*EXERCISE DIRECTIONS*
Track down each line below containing the string "color" and copy it.

START SUPPLIED MATERIAL

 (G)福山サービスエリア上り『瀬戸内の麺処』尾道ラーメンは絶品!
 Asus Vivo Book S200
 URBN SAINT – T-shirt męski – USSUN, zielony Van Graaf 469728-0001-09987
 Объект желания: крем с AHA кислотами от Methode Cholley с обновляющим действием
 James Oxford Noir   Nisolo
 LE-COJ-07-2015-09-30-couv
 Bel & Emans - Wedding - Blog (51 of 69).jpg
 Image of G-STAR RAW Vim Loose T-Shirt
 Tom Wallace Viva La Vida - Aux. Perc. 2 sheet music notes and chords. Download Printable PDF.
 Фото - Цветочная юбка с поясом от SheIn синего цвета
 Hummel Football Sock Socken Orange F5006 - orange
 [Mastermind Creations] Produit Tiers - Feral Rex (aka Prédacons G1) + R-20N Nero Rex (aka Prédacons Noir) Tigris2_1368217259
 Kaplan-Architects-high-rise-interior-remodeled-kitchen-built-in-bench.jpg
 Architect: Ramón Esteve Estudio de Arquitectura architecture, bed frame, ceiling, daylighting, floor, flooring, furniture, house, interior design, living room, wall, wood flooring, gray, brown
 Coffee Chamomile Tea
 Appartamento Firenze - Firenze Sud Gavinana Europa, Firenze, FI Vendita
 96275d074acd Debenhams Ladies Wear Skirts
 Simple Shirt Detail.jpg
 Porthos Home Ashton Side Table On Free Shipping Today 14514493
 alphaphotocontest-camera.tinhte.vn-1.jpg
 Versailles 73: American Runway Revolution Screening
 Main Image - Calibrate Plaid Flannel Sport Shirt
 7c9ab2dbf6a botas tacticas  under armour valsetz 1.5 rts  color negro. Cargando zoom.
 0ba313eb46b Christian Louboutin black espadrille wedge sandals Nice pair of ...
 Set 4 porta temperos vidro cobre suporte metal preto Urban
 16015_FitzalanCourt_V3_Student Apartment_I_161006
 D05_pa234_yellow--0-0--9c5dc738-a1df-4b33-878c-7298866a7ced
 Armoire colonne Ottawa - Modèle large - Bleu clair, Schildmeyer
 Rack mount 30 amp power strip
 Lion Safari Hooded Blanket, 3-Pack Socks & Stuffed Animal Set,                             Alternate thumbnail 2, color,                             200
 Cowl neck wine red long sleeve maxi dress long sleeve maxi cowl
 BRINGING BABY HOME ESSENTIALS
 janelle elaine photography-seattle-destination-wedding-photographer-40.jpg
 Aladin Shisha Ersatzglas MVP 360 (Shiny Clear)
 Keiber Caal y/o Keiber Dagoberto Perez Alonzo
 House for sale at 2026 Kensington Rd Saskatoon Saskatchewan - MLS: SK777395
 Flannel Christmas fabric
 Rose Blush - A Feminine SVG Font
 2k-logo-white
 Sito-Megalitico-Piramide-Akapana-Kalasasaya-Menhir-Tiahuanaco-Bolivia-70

END SUPPLIED MATERIAL

*WRITTEN SOLUTION*
 7c9ab2dbf6a botas tacticas  under armour valsetz 1.5 rts  color negro. Cargando zoom.
 Lion Safari Hooded Blanket, 3-Pack Socks & Stuffed Animal Set,                             Alternate thumbnail 2, color,                             200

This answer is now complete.